1.4.1.3. Boundary element method
Similar to the KRM model, the boundary element method (BEM) can calculate backscatter from arbitrarily shaped surfaces (Francis 1993). It takes account of energy diffracted into the shadow zone within the scattering body, which is not true for the KRM (Simmonds and MacLennan 2005). It also enables backscatter modelling of three-dimensional structures with discrete interior inclusions that may have different acoustic properties (Foote and Francis 2002). Like the KRM, the BEM has so far not been applied to model backscatter of herring. Nevertheless, both these models are promising since they can be applied to accurate representations of fish body parts, and therefore provide a distinct advantage over models based on simple geometric shapes. Foote and Francis (2002) used both the KRM and BEM method to model gadoid TS and found the results to be in close agreement. In a further study on gadoids, Francis and Foote (2003) attempted to quantify the depth-dependence of TS caused by increased mass density of the swimbladder gas assuming a constant volume. They modelled the swimbladder backscatter of depth-adapted pollack and saithe (Pollachius virens) and found that the mean TS did not change significantly
with depth. Even though the orientation dependence of TS was found to increase with depth they concluded that there were no implications for echo counting applications.
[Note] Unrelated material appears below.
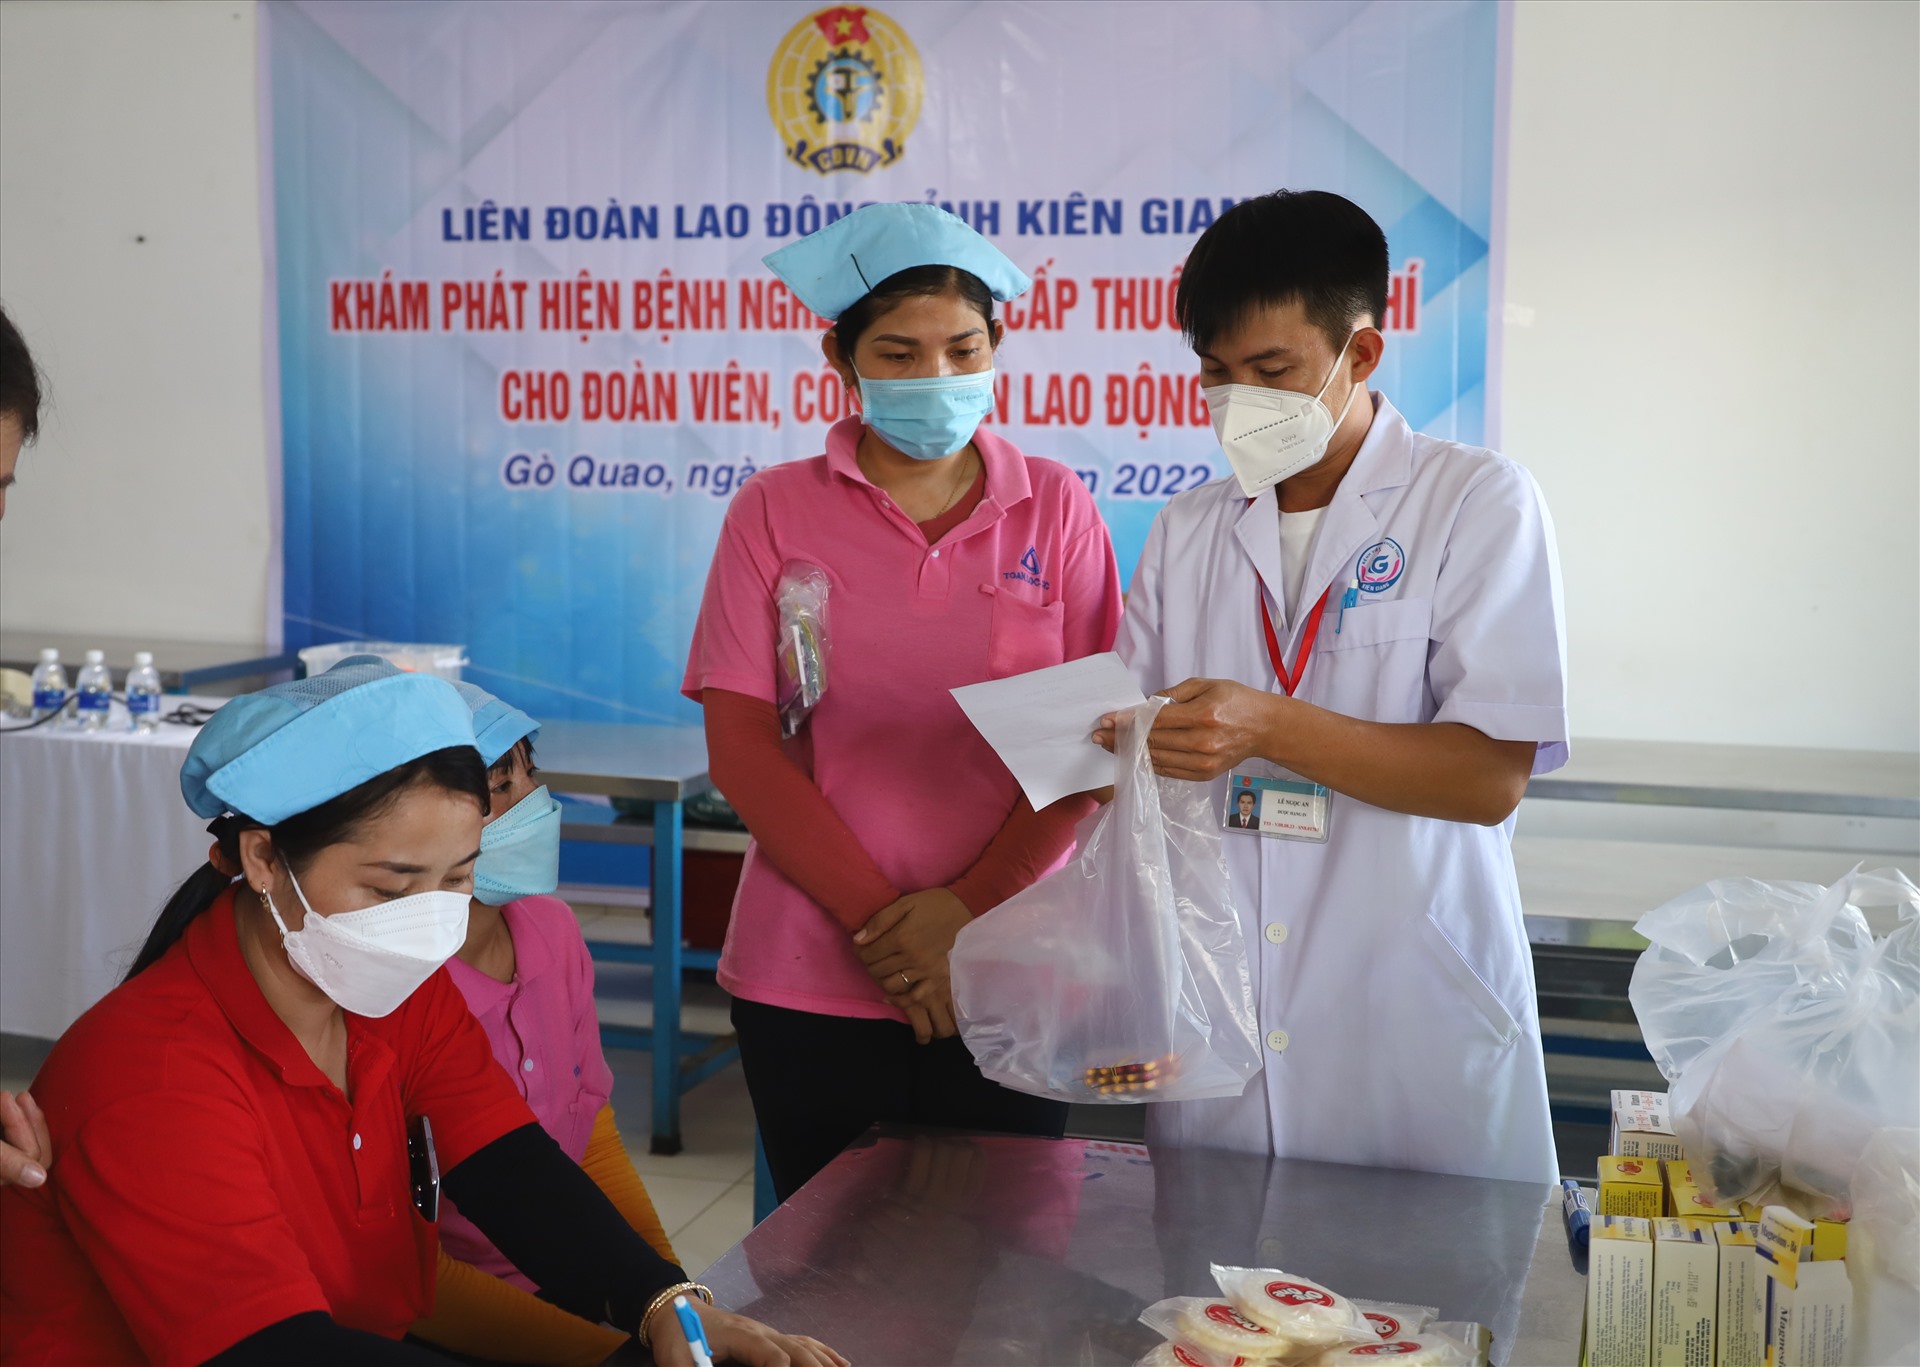 Khám, phát thuốc miễn phí cho công nhân ở huyện Gò Quao. Ảnh: Nguyên Anh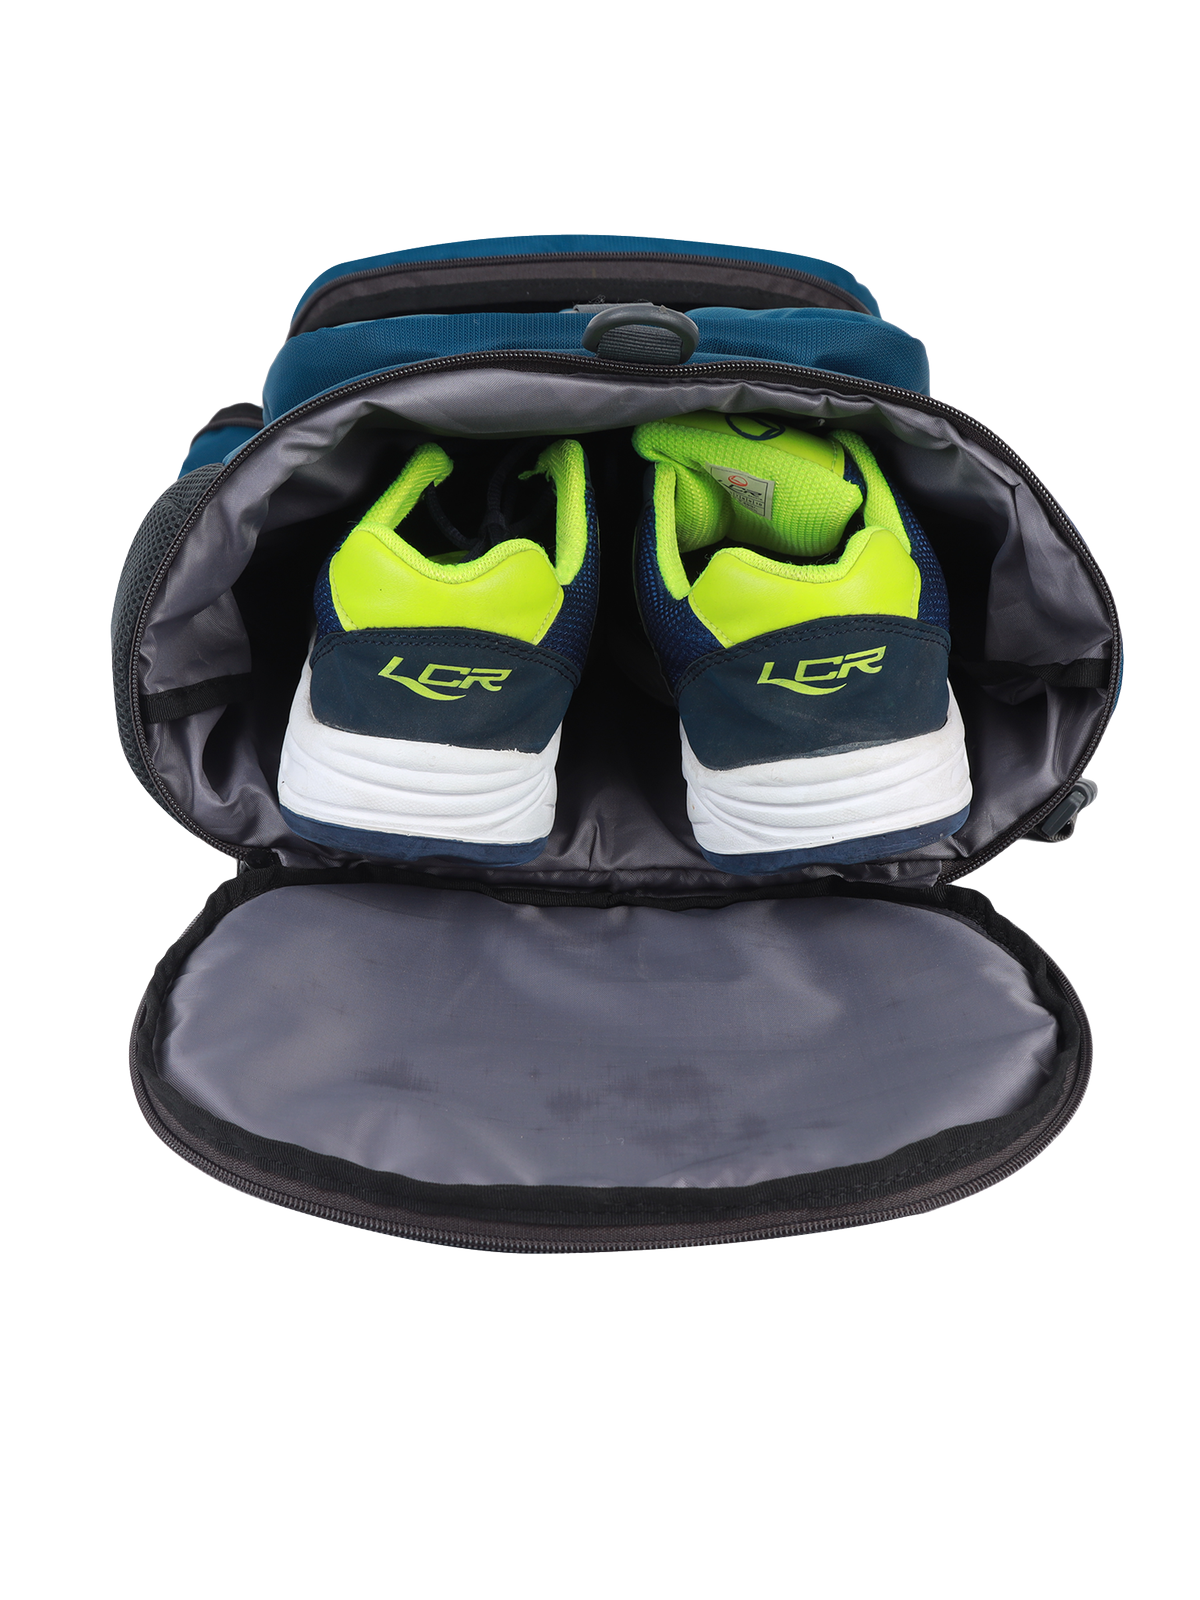 Explorer Laptop Backpack Duffle Bag Sling Bag (Blue)

1.4.1.4. Distorted wave Born approximation
An approach that can be applied to weak scattering bodies of any shape is the distorted wave Born approximation (DWBA; Morse and Ingard 1968). Backscattering is expressed as a three-dimensional integral over the body volume. The model is valid at all acoustic frequencies and object orientations, however, secondary scattering and absorption within the body are ignored. Because of its abilities, the DWBA has so far been widely used to model backscatter of plankton (McGehee et al. 1998; Stanton et al. 1998; Lavery et al. 2002), but could equally well be applied to weak scattering components of fish, such as the fish flesh.